Labels attach to a single prompt version and allow flexible, dynamic fetches. They’re a powerful feature that enables prompt management without code changes.

What Labels Do

  • Version Identification: Labels point to specific prompt versions without needing IDs
  • Runtime Flexibility: Switch versions without code changes
  • Environment Management: Separate development, test, and production prompts
  • A/B Testing: Direct different users to different versions
  • Rollback Support: Quickly revert to previous versions by moving a label if a new version isn’t performing well

Available Labels

LabelBehavior
latestAlways points to the most recent version
productionThe “live” version used by default
developmentConvenience label for testing changes before production
testConvenience label for testing changes before production
CustomAny user-defined label for testing or segmentation

How Labels Work

  • Only one version can hold a given label at a time
  • If you move a label to a new version, the old version will no longer have that label
  • When you create a new prompt version, the latest label automatically moves to it
  • Moving the production label is a manual action (to ensure stability)
  • Custom labels (like beta, experiment-a, region-specific) can be created by you for specific use cases

How to use labels

  1. Click labels next to the version of the prompt you want to use

📷 promptdb

  1. Click the new label(s) you would like to move to the version

📷 promptdb

  1. Click Save Changes

🔗 Variables

Variables allow you to create dynamic, reusable prompts by inserting runtime values into your prompt templates.
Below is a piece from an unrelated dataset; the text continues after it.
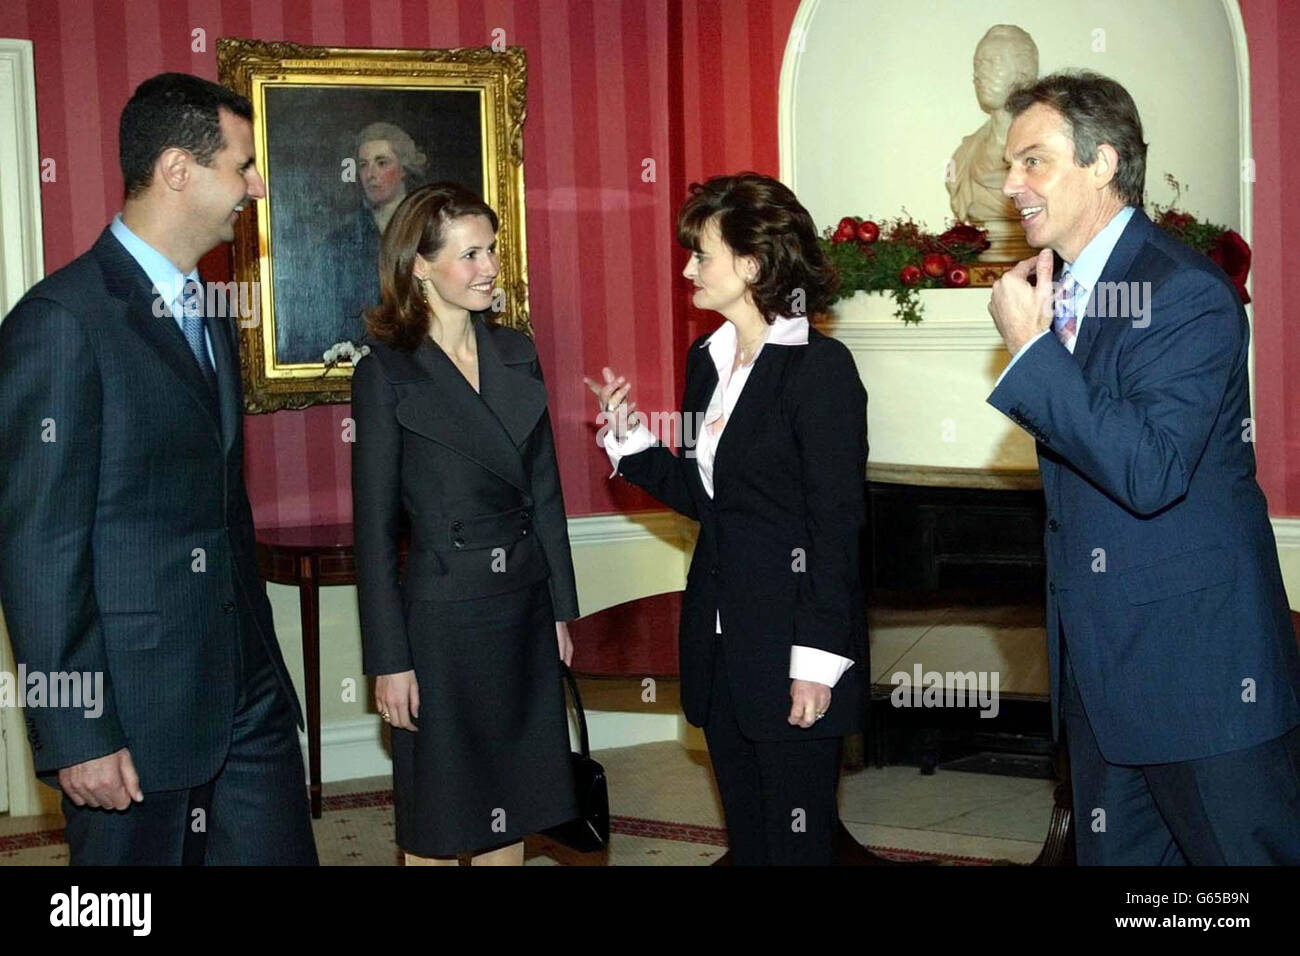 Il primo ministro britannico Tony Blair, a destra, e sua moglie Cherie, seconda a destra, con il presidente siriano Bashar al-Assad, a sinistra, e sua moglie Asma all'interno 10 Downing Street all'inizio della visita ufficiale di quattro giorni di Assad in Gran Bretagna. Foto Stock

This is critical for creating prompts that can adapt to different inputs without creating new versions.

How Variables Work

  1. Define variables in your prompt using double curly braces: {{variable_name}}
  2. Pass variable values into the variables field in your code
  3. Lucidic automatically substitutes the variable values into your prompt before sending it to the LLM

Formatting Variables

When adding prompts to the Prompt DB, you need to convert your code’s variable syntax to Lucidic’s template syntax:

In Your CodeIn Prompt DB
f"summarize this: {text}""summarize this: {{text}}"
"analyze data: " + data_str"analyze data: {{data_str}}"
template.format(query=user_query)"...your query: {{query}}"

Code Examples

Basic example:

In the Prompt DB UI, you would define the prompt as:

Generate {{number}} ideas about {{topic}}

In your code, you would call it like this:

prompt = lai.get_prompt(
    name="idea_generator",
    variables={
        "number": "5",
        "topic": "artificial intelligence"
    }
)

Result:

Generate 5 ideas about artificial intelligence

Another example:

In the Prompt DB UI, you would define the prompt as:

{{system_prompt}}

Answer the user's question: {{question}}

In your code, you would call it like this:

prompt = lai.get_prompt(
    name="qa_prompt",
    variables={
        "system_prompt": "You are a helpful AI assistant specialized in biology.", 
        "question": "How do cells divide?"
    }
)

Result:

You are a helpful AI assistant specialized in biology.

Answer the user’s question: How do cells divide?

Error Handling

  • Missing variables: If your prompt references {{variable_name}} but you don’t provide a value, you’ll get a warning
  • Extra variables: If you provide variables that aren’t used in the prompt, you’ll get an error

Best Practices

  • Use descriptive variable names that indicate their purpose
  • Consider setting default values for optional variables in your code
  • Test your prompts with different variable values to ensure they work as expected

🧪 Versioning and Iteration

When you update a prompt in the UI:

  • A new Prompt Version is created
  • The latest label is moved to the new version
  • You can optionally move the production label to the new version
  • You cannot edit an old version of a prompt — if you save it, it will just create a new version

Because agents fetch prompts dynamically, the next run of your agent will use the updated prompt automatically — no deploy needed.